Subset the list by GCM & emissions scenario

To simplify things, we’ll only work with temperature data for one GCM and one emissions scenario. We can use our index tibble to extract the indices of the elements of our list that use the same GCM and scenario:

(lst_idx <- mercd_stars_tbl %>%
  filter(gcm == "HadGEM2-ES", scenario == "rcp45") %>%
  pull(idx))
#> [1] 1 2

Now we can create a list of stars objects that use this GCM and emissions scenario. At this point, we’re still just working with a regular list.

We’ll subset the list using extract() (magrittr package) which is the equivalent of subsetting a list with [].

one_gcm_scen_lst <- mercd_stars_lst %>% extract(lst_idx)
class(one_gcm_scen_lst)
#> [1] "list"
names(one_gcm_scen_lst)
#> [1] "tasmin_day_HadGEM2-ES_rcp45_fips-06047" "tasmax_day_HadGEM2-ES_rcp45_fips-06047"

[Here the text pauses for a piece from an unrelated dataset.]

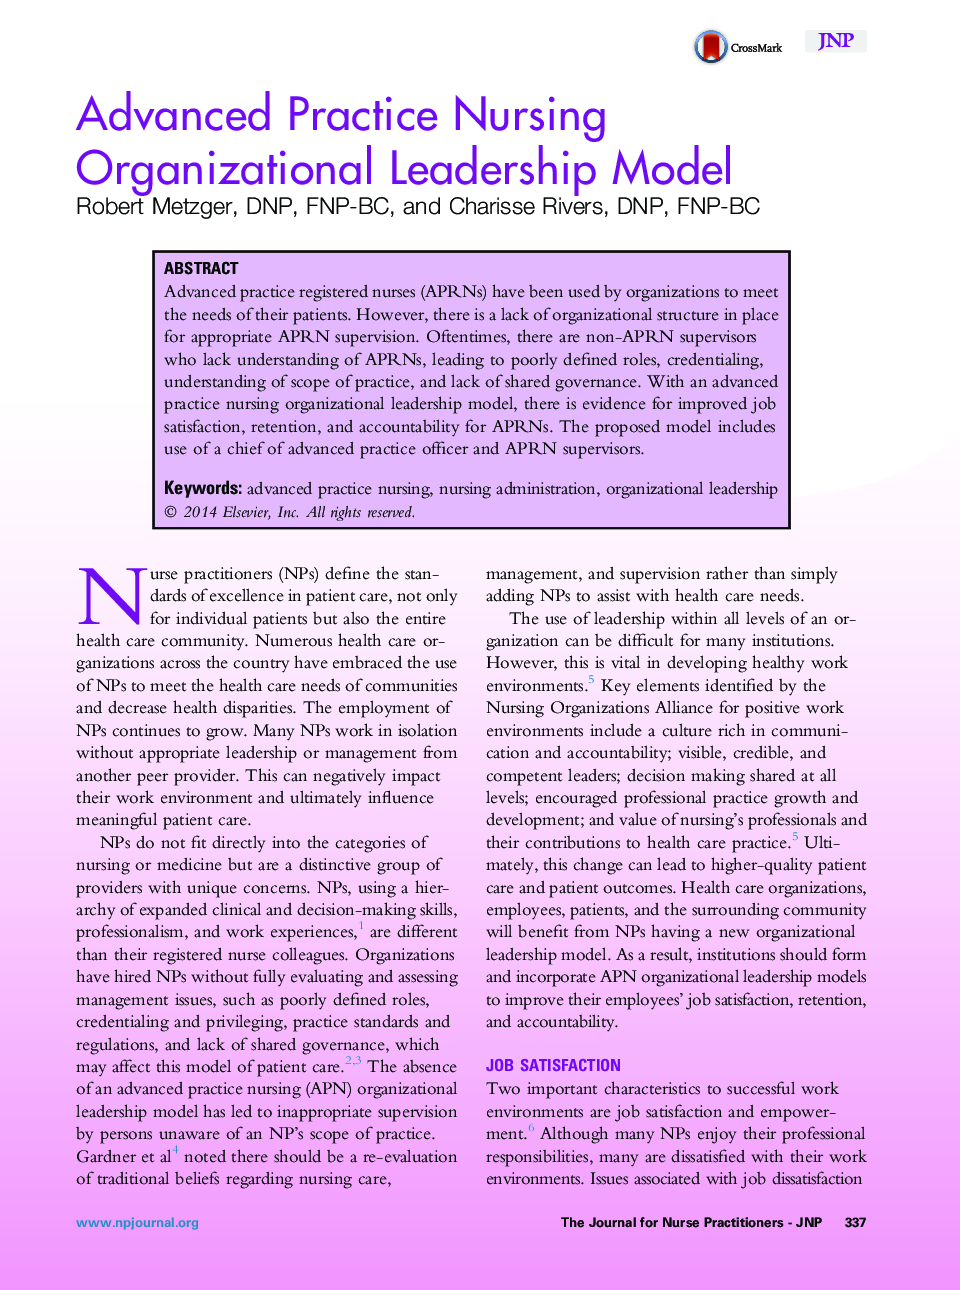 مدل رهبری سازمانی پرستاری پیشرفته

We now have a list with two stars objects. The two stars objects have the same spatial area, dates, GCM and emission scenario. But one is tasmin and the other is tasmax. Our goal is to compute growing degree days, which is computed by (tasmin + tasmax / 2) - basetemp. So we need to get tasmin and tasmax in the same stars object as a new dimension we’ll call ‘cvar’.

To get them into a single stars object, we’ll ‘merge’ them together using c(). The stars package provides a special version of c() which has been adapted for combining stars objects. The stars c() has an optional ‘along’ argument, which is how we tell it that we want the values from the two stars objects to be turned into another dimension (as opposed to a 2nd attribute).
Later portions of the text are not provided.